Furthermore, I’m savoring this moment of exploring my attraction and my own motives before I feel obligated to him. I want to be sure I’m not romanticizing him and having vain imaginations! I wouldn’t be able to do any of that if I was obsessing over when he’s going to ask me out. Admittedly, I do wonder from time to time… I’m not getting any younger. But the point is I’m not forcing anything. I’m going with the flow. And maybe midstream, I’ll realize that we’re incompatible or he’ll see a flaw in me that he can’t live with and we’ll just be friends. And right now, that’s okay. No harm, no foul. There’s no pressure.

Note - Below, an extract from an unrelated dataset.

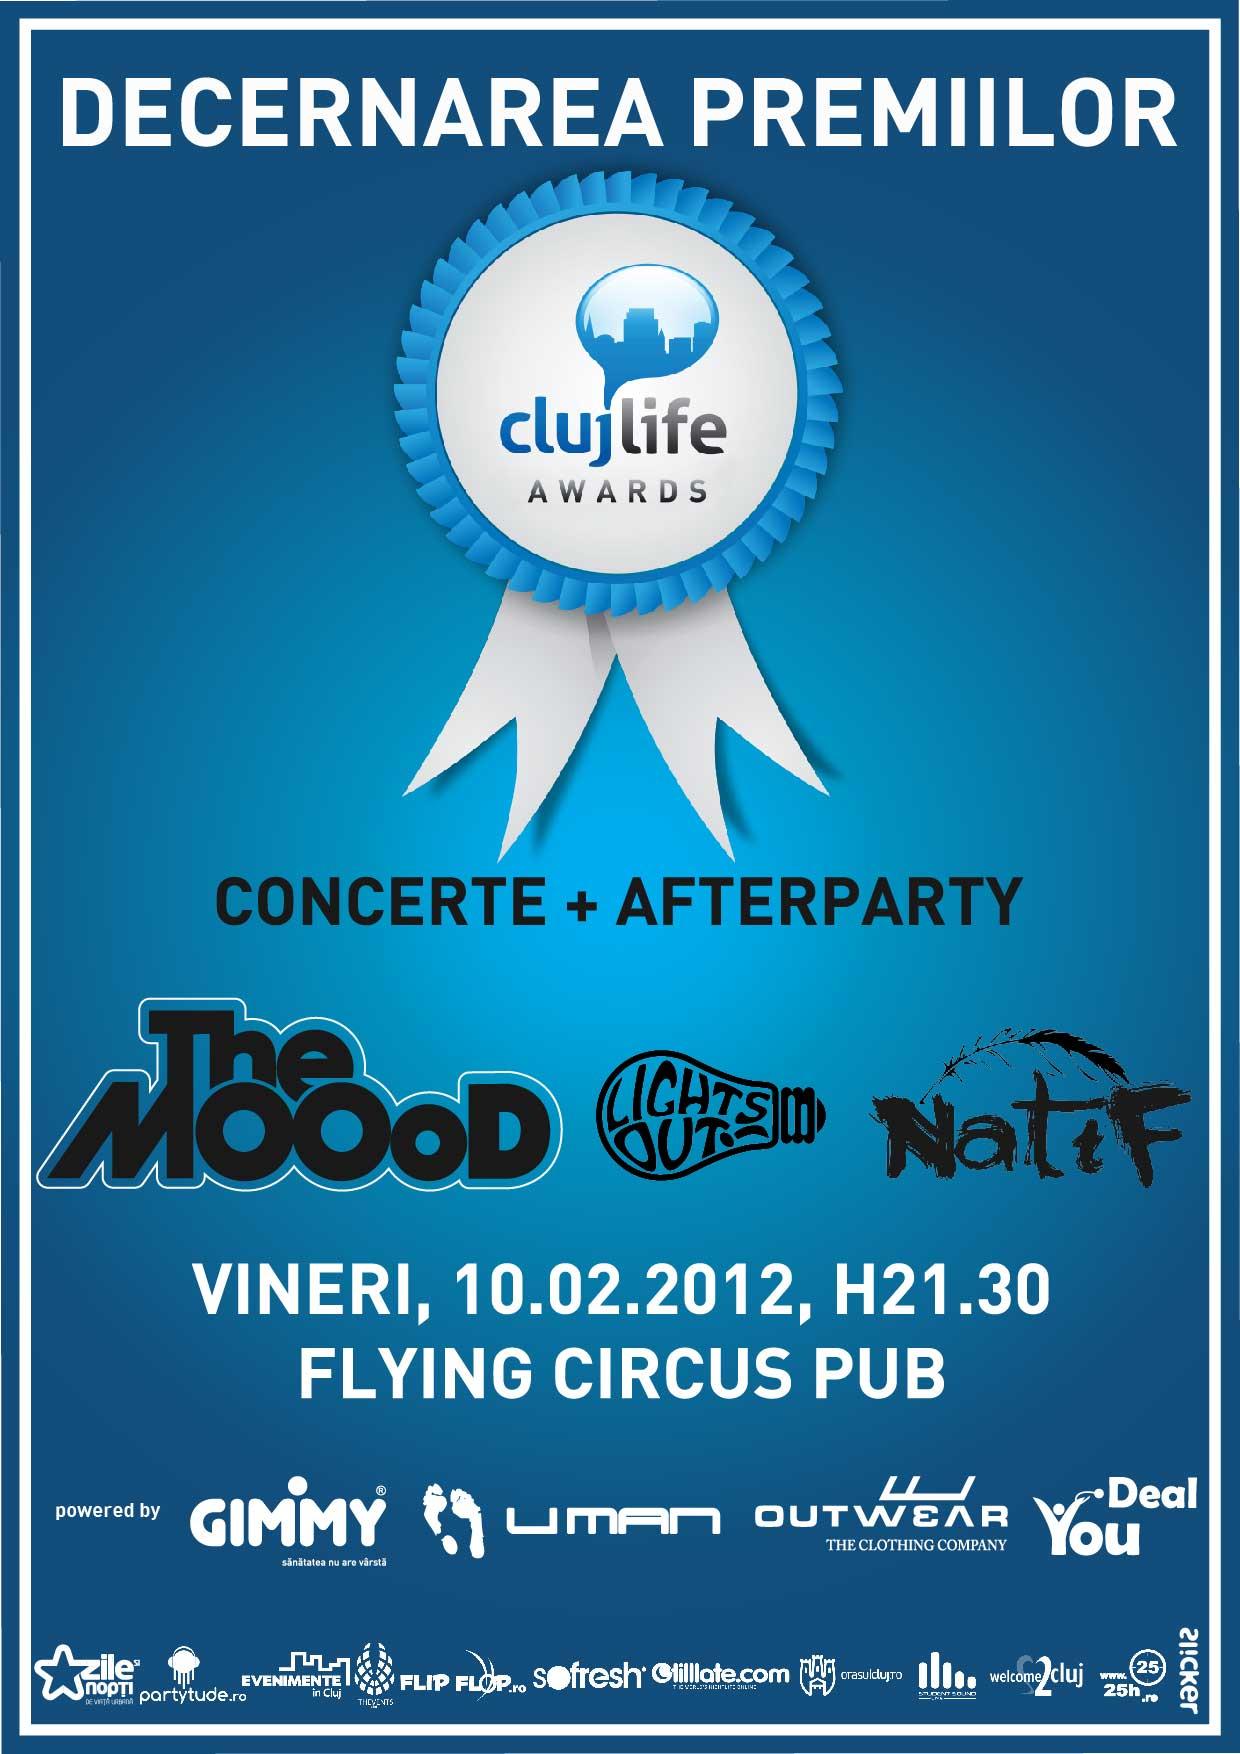 ClujLife Awards – decernarea premiilor @ Flying Circus Pub

The thing of it is in time I may no longer feel butterflies when he smiles at me. Or hear my heart thump overwhelmingly in my ears when he accidentally brushes my hand. There may be a time when Fourth of July fireworks don’t go off when I unexpectedly see him at the store. So I’d like to collect as many of those moments as I can. So one day way down the road if he makes me angry I can recall the heavenly way he smells and realize maybe I wasn’t so mad after all.